Reporter, European Medical Journal
At the ‘Big Data in Use’ conference held in London earlier this year, Nondas Sourlas, Director of Healthcare Analytics at Bupa, spoke about how the UK’s largest private medical insurer is using Big Data to improve healthcare.
For the past 5 years, Sourlas explained, Bupa has had its own healthcare analytics team which began with just five people. “We are now about 50 people and it is not all analysts. There are clinicians in the team, specialists in reporting, data processing, as well as the core analysts,” he said. Since its beginning, the team has utilised the large amounts of data generated by the company as both a global payer of healthcare costs and from its involvement in healthcare provisions. This data has then been used to design and to improve the services that Bupa offers to its millions of customers.
Nearly 4 years ago, the team launched a programme that uses predictive analytics to identify which individuals require support at different points in their care. The programme can be used to predict which patients are at a high risk of being admitted to hospital within the next 12 months. Once a patient is identified, they are then contacted via telephone and informed about available treatment options or procedures that might be offered once they visit a consultant. According to Sourlas, the outcomes of the programme have been successful, including an annual reduction of >1,500 outpatient visits and >100 surgical procedures. As of 2 years ago, 79% of patients reported being extremely or very satisfied with the programme. No data was provided during the talk for how many patients this involved, or on what aspects of the programme the patient satisfaction referred to.
Another way in which the analytics team has used the healthcare data generated by Bupa is to carry out consultant profiling and referral management. Sourlas said that previous research has shown how many general practitioners feel they cannot make an informed decision when referring a patient to a consultant, due to a lack of available data. To address this problem, the analytics team have begun to look at data that Bupa has on consultants to assess their affordability in combination with the clinical outcomes measured as a result of the care they have previously given. “With the information we have, we try to profile the consultants within specialities,” Sourlas said, “[our] clinicians are looking at clinical measures based on clinical guidelines that exist, and it is also based on affordability where we look at the cost of treatment over the whole [care] pathway.” Predictive models are also used to estimate costs, as well as to make risk adjustments that alter the mix of patient cases a consultant receives according to previous performance, such as the number of severe cases dealt with.
Sourlas also spoke about the challenges faced when measuring the results of these predictive services. “The way we are evaluating whether our predictions are right and whether we are actually providing a good service is based on healthcare outcomes,” he said. However, data on healthcare outcomes is sparse because some hospitals and consultants are not currently required to disclose these outcomes, he explained. “They will be required starting in 2017, at least for the private sector,” he added. This refers to the establishment of the Private Healthcare Information Network (PHIN), set up by the UK government, requiring private healthcare providers and consultants to make public various healthcare outcomes. This includes mortality rates, infection rates, and the number of patients transferred to an NHS hospital from a private hospital. The government has said that the PHIN will be fully operational by 2017.
Bupa does not have access to complete medical records that cover entire patient histories since UK citizens can move between accessing private medical care or by going through the NHS. A key source of data instead comes from the insurance invoices for services that healthcare providers bill Bupa for. “They need to provide diagnostic codes, codes that say you were diagnosed with X-Y-Z condition, and then the procedure code which is what [the healthcare provider] actually did; that might be a test, it might be surgery, or a consultation. Those standardised codes are the information we decipher. The clinicians in the team try to make some clinical sense out of what it is that the person had and whether the treatment was appropriate and billed at the appropriate price based on what we were contracted for”.

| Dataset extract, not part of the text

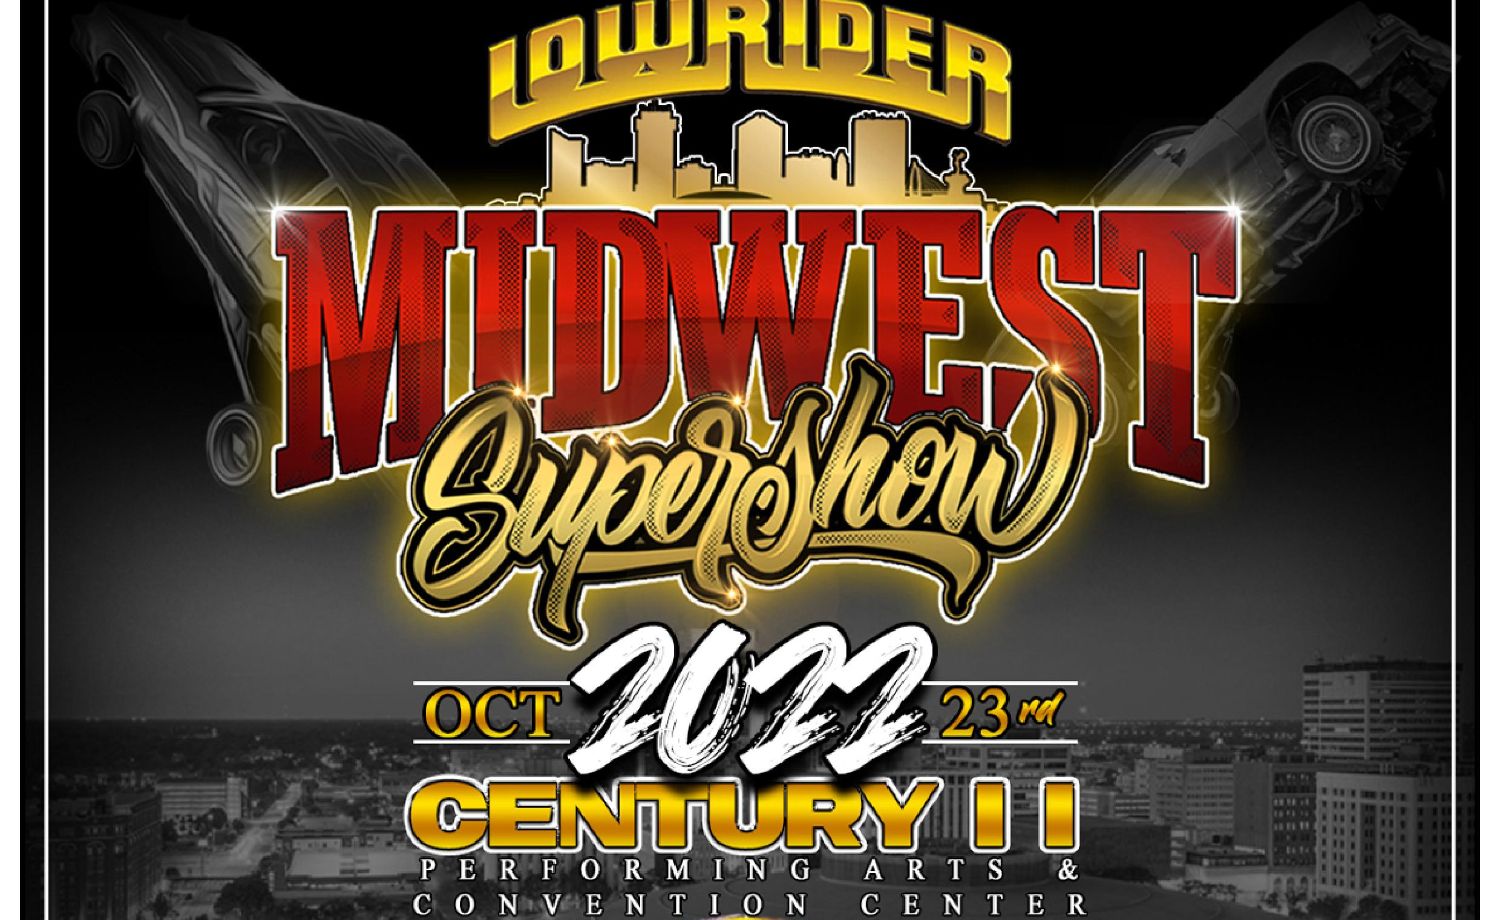 Midwest Super Show 2022 Oct 23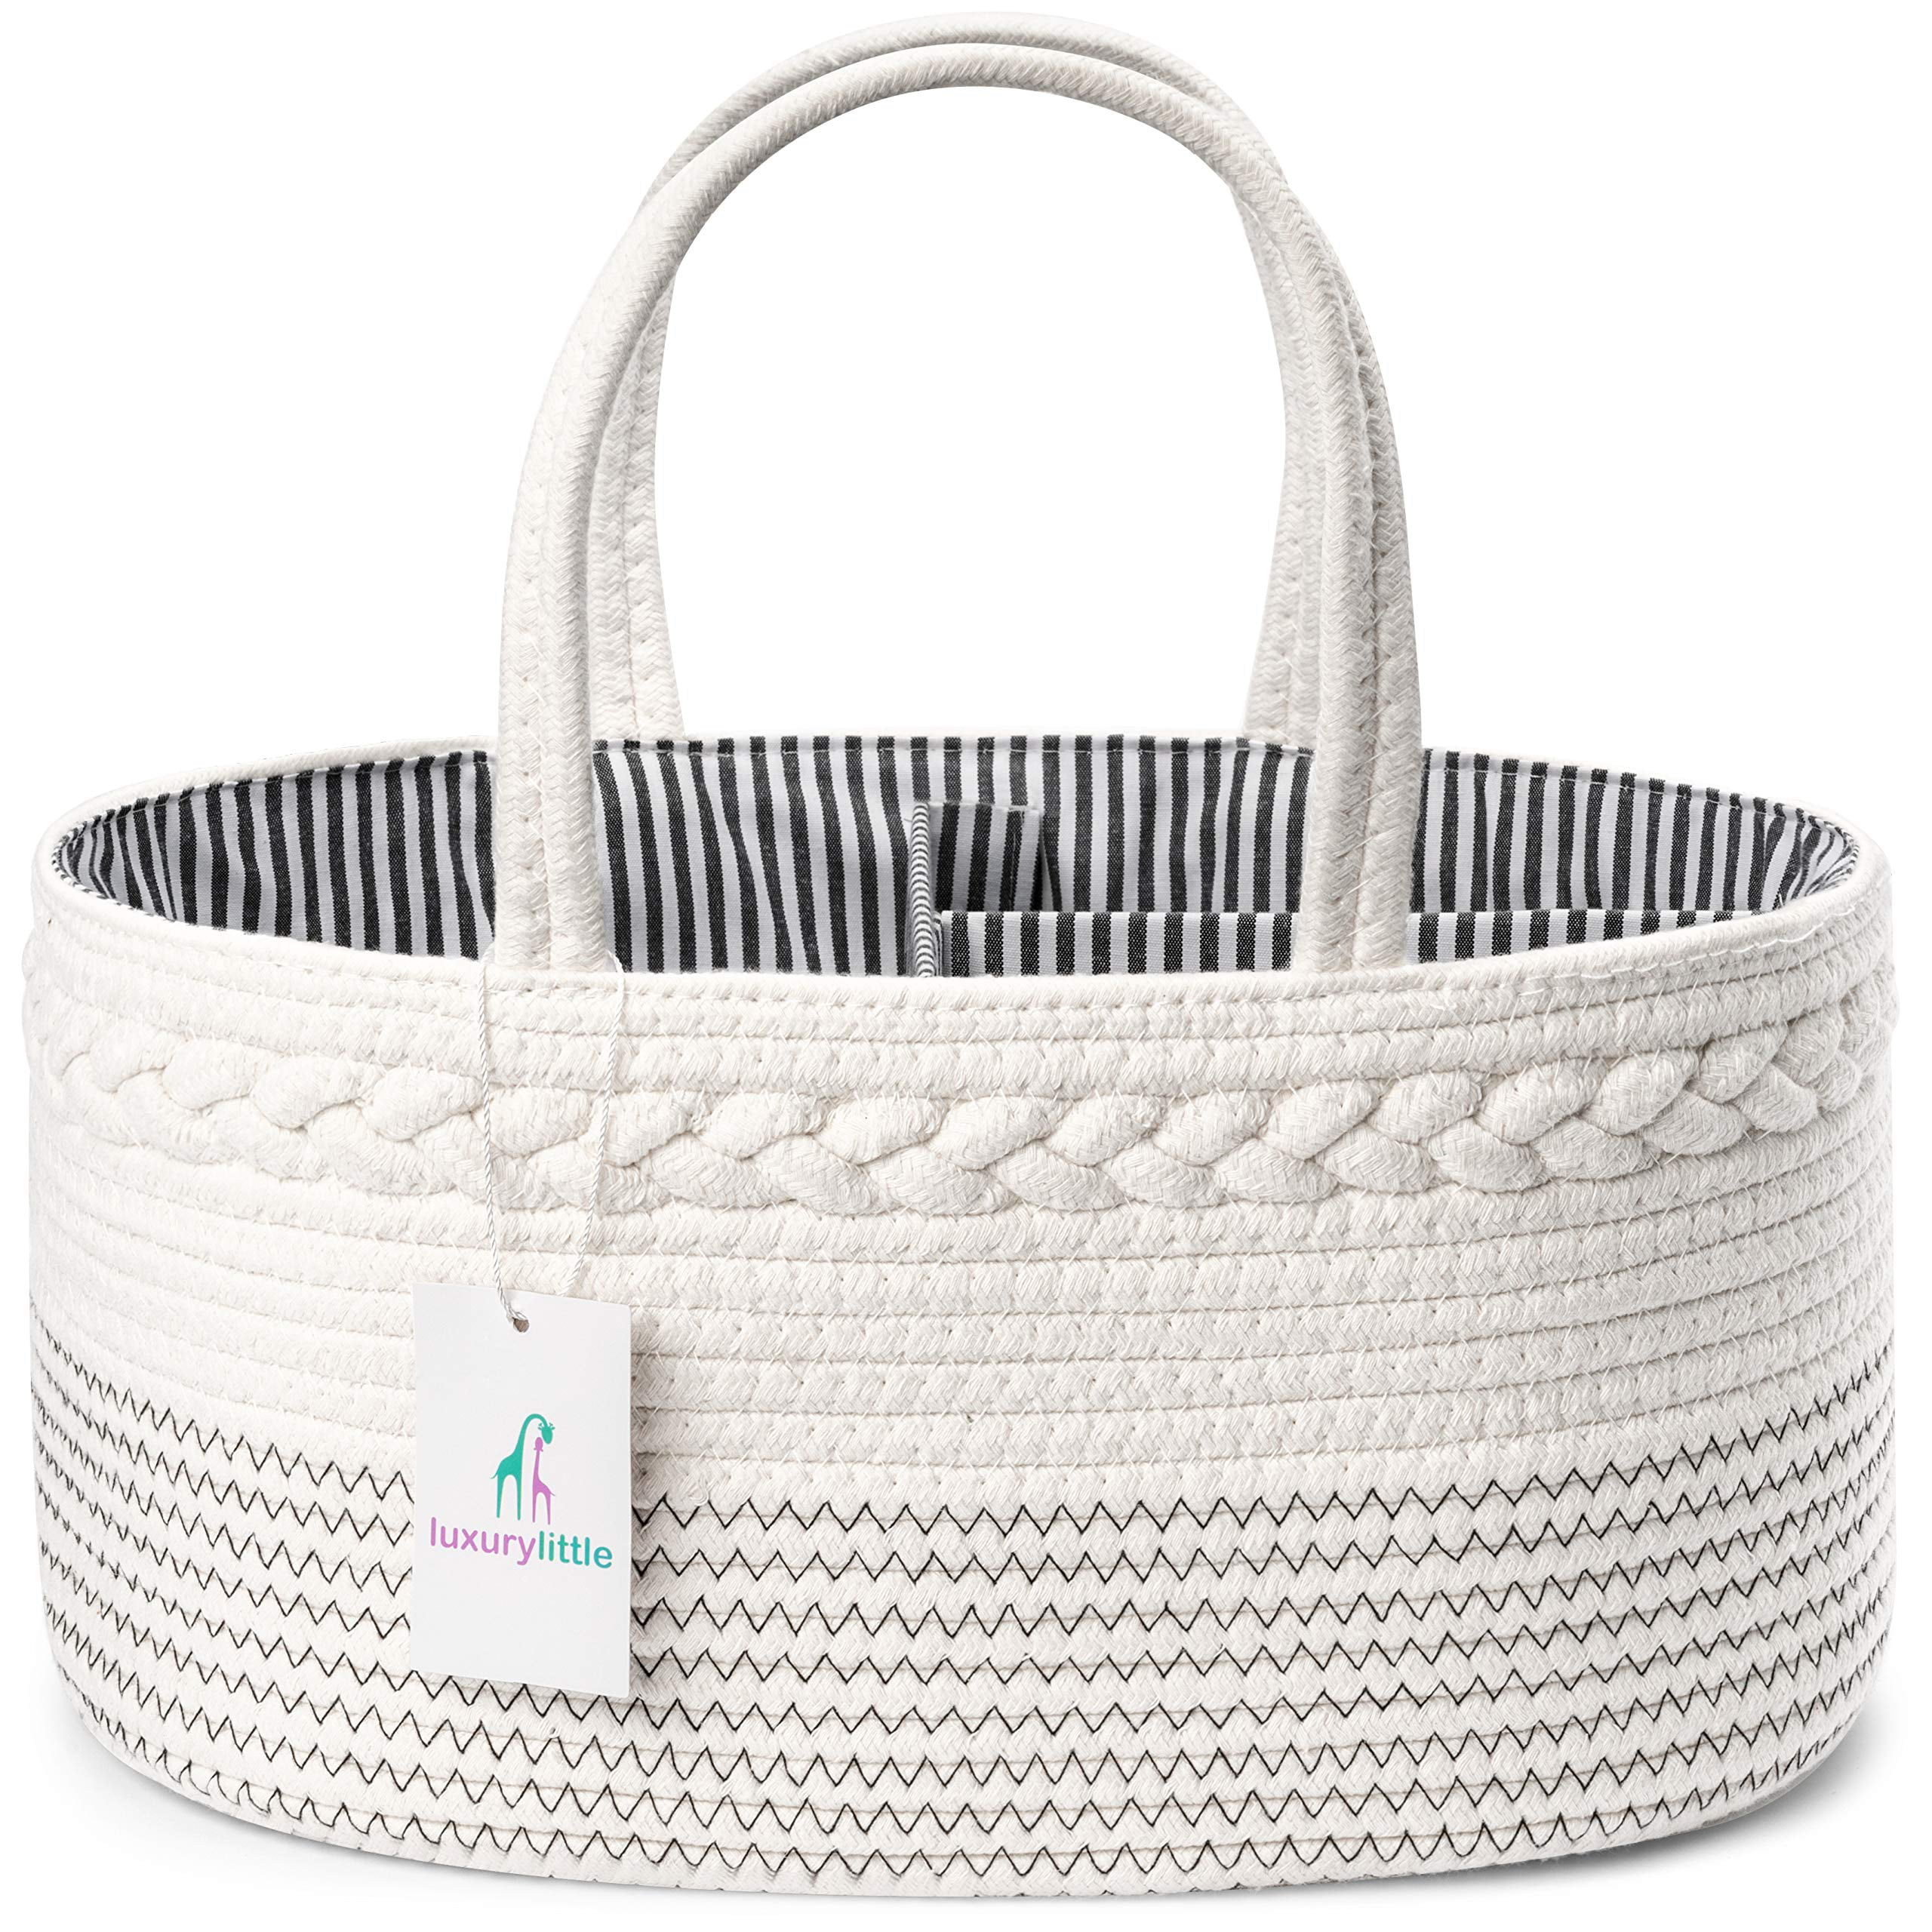 Luxury Little Baby Diaper Basket Blue + white A must-have baby storage bag for mothers 100% Nature Cotton Rope Nursery Storage Bin Newborn Registry Must Haves Baby Diaper Caddy Organizer Rope Nursery Storage Bin for Boys and Girls

At the end of the talk, Sourlas was asked by a member of the audience, who said they worked for the NHS, how he thought the public sector could make better use of data. Sourlas replied: “I guess the simple answer would be: make some of that data available. The NHS over the last 2 years seems to have gone the opposite direction. Bupa was providing some services to the NHS from an analytics perspective and we were getting access to NHS data, like secondary care data – Secondary Use Services (SUS) datasets from hospitals and providers.” Sourlas explained that access to that information has become more difficult and requirements for doing so have become more stringent. “I think if we are not able to get all the data together from different payers to try and paint the right picture, then we are missing something,” he said.